Возможно, ученым, ближе всех подошедшим к решению этого вопроса в прошлом веке, был антрополог и поэт Франц Штайнер, который умер в 1952 году. Штайнер прожил увлекательную, хотя и трагическую жизнь. Он был блестящим эрудитом, родом из еврейской семьи в Богемии, затем жил в арабской семье в Иерусалиме до изгнания британскими властями, проводил полевые исследования в Карпатах и дважды был вынужден бежать с континента из-за давления нацистов, а закончил свою карьеру — как бы иронично это ни звучало — на юге Англии. Большинство его близких родственников были убиты в Биркенау{106}. Легенда гласит, что он закончил восемьсот страниц монументальной докторской диссертации по сравнительной социологии рабства, но чемодан с его черновиками и исследовательскими заметками был похищен в поезде. Он дружил с Элиасом Канетти, другим еврейским беженцем в Оксфорде, с которым соперничал за романтическое внимание писательницы Айрис Мердок. В итоге Мердок предпочла Канетти — через два дня после того, как она приняла предложение от Канетти, Штайнер погиб от сердечного приступа. Ему было сорок три года.
Более короткая версия докторской работы Штайнера, которая всё же сохранилась, посвящена тому, что он называет «институтами, предшествующими рабству». Это исследование того, что происходит в различных культурных и исторических ситуациях с людьми, оказавшимися в одиночестве: изгнанными из своих кланов за долги или провинности; преступниками и беглецами (что примечательно, учитывая жизненную историю самого Штайнера). Суть работы заключается в том, что таких беженцев, как Штайнер, сначала принимали, относились к ним почти как к священным существам, а затем постепенно начинали принижать и эксплуатировать, опять же как это было с женщинами, работавшими на шумерских храмовых фабриках.
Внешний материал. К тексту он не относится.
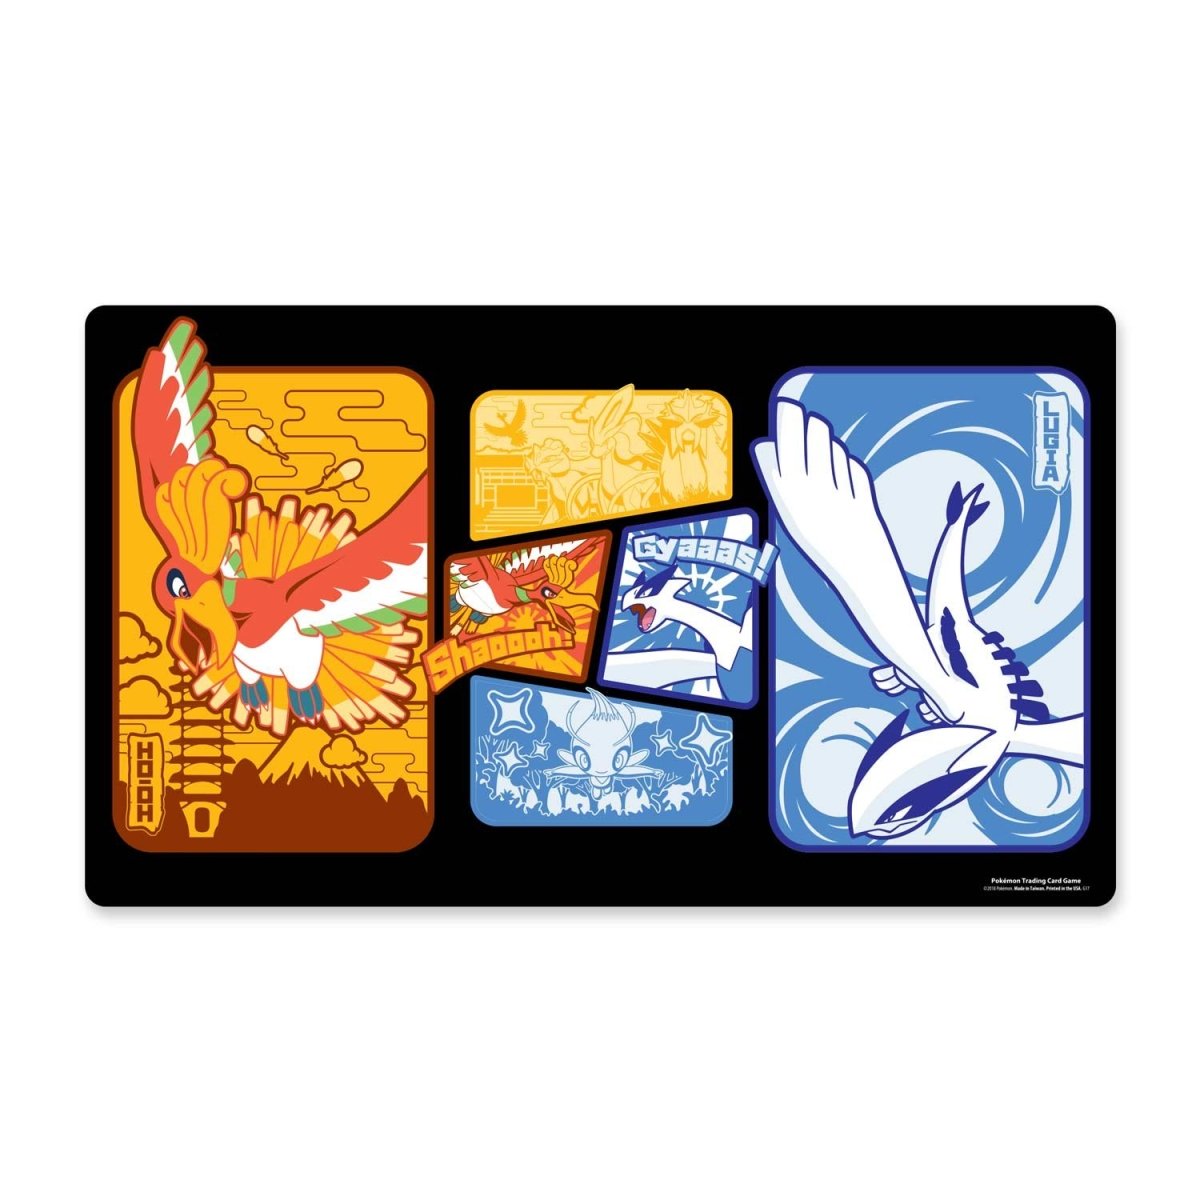 Lugia gets all the love, but ST Ho-Oh is gorgeous : r/PokemonTCG

По сути, история, рассказанная Штайнером, это история о коллапсе того, что мы бы назвали первой основной свободой (уехать или переехать), и о том, как это подготовило почву для потери второй (свободы не подчиняться). Это также возвращает нас к ранее высказанному тезису о постепенном разделении социального мира человека на всё более мелкие единицы, начиная с появления «культурных зон» (эта тема интересовала этнологов центральноевропейской традиции, в которой и был обучен Штайнер).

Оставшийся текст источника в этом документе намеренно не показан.